Неожиданно девушка почувствовала, что этот мир чужд для нее, но не могла понять, порадовало или огорчило ее это открытие. При этом Эмма не переставала любоваться окружавшими ее превосходными вещами. Как не подивиться искусству кузнеца — жаровня была сработана отменно: три латунные ножки выкованы в виде стволов молодых деревьев, а сам очаг окружала решетка в форме виноградных листьев. Правда, Эмме показалось, что жаровня чересчур высока, а потому не очень устойчива. Подушки на стульях украшала искусная вышивка, изображавшая охотничьи сцены, но при этом материя была вытерта и слегка засалена. Под столешницей к столу была прилажена полка, на которой лежали книги: псалтырь, пергаментный свиток с нотами и какой-то выцветший трактат с непонятными рисунками.
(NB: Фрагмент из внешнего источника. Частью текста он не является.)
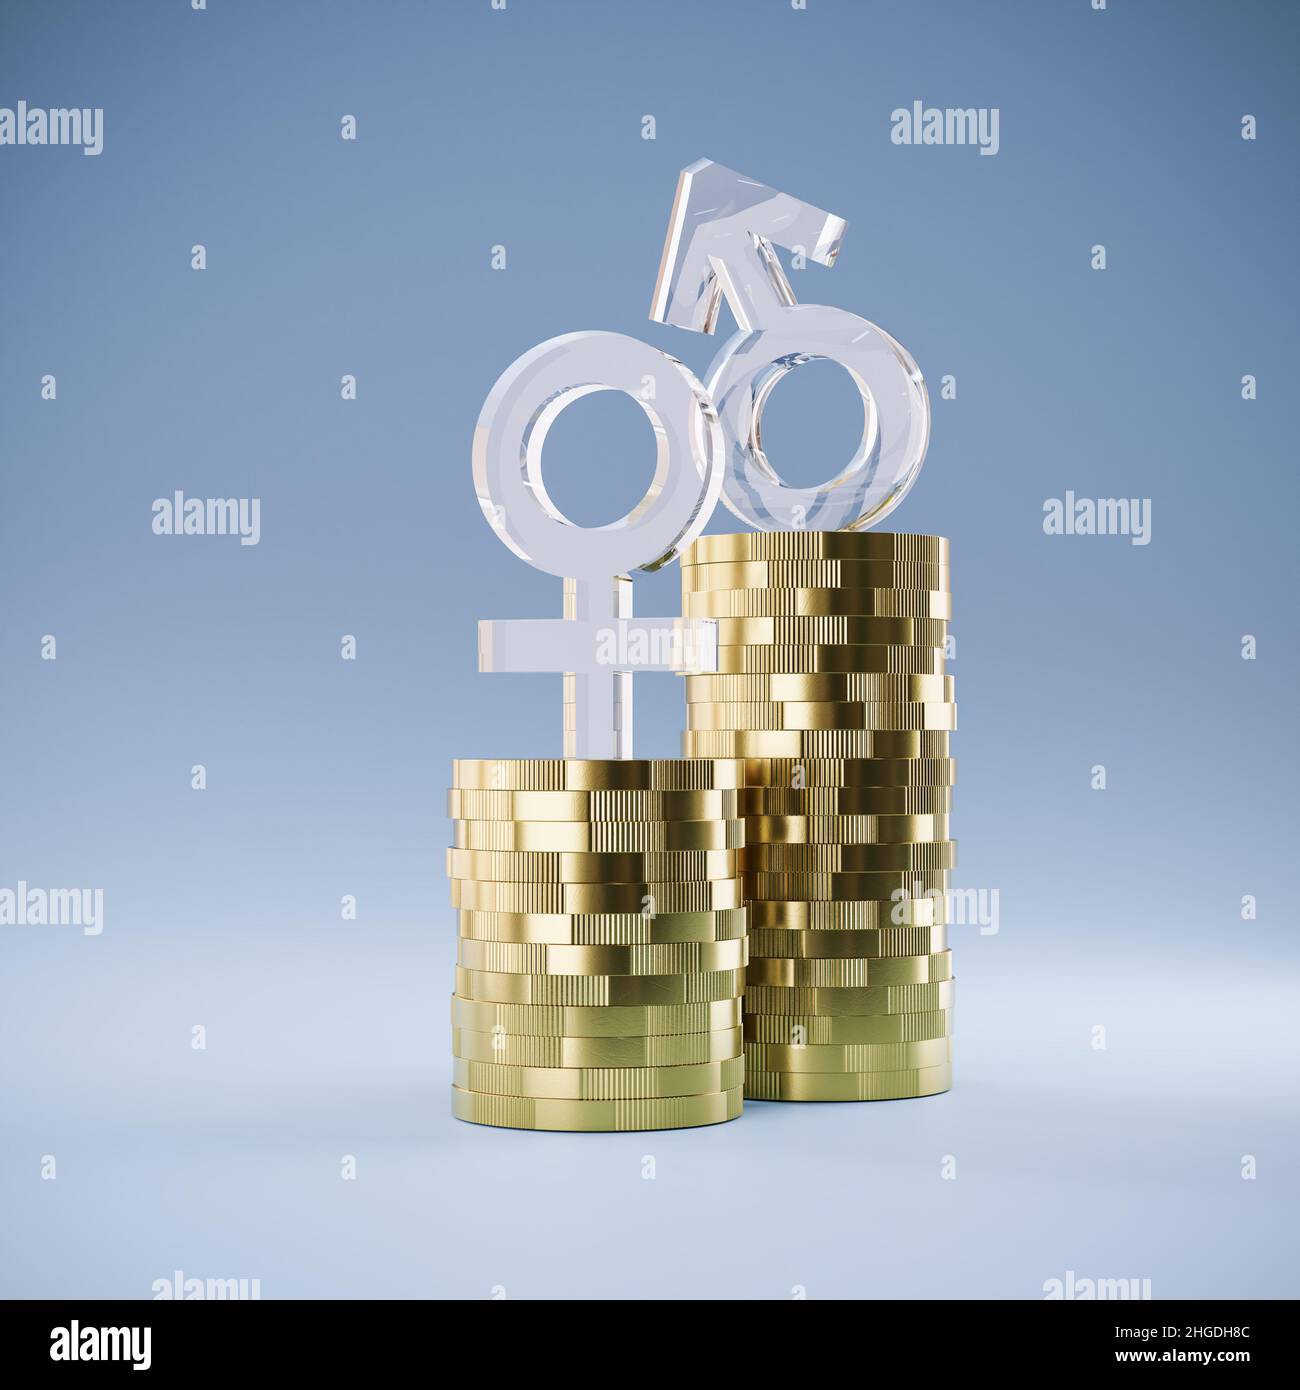 Gender Pay GAP Konzept: Zwei Haufen Münzen mit unterschiedlicher Höhe und männliche und weibliche Symbole aus Glas auf der Oberseite. Stockfoto

Стол, стулья и скамью покрывала тонкая резьба: листья и цветы были как живые. На стенах висели дорогие, но уже ветхие шпалеры, местами протертые и закопченные до такой степени, что узор был почти неразличим. Лишь кое-где в складках сохранились былые яркие цвета. Эмма отвернула одну из складок и увидела изображение бегущей собаки с разинутой пастью, но ткань под ее пальцами тотчас рассыпалась в тонкую пыль. Эмма выпустила шпалеру и в огорчении отступила на шаг. Пыль на кончиках пальцев показалась ей пеплом.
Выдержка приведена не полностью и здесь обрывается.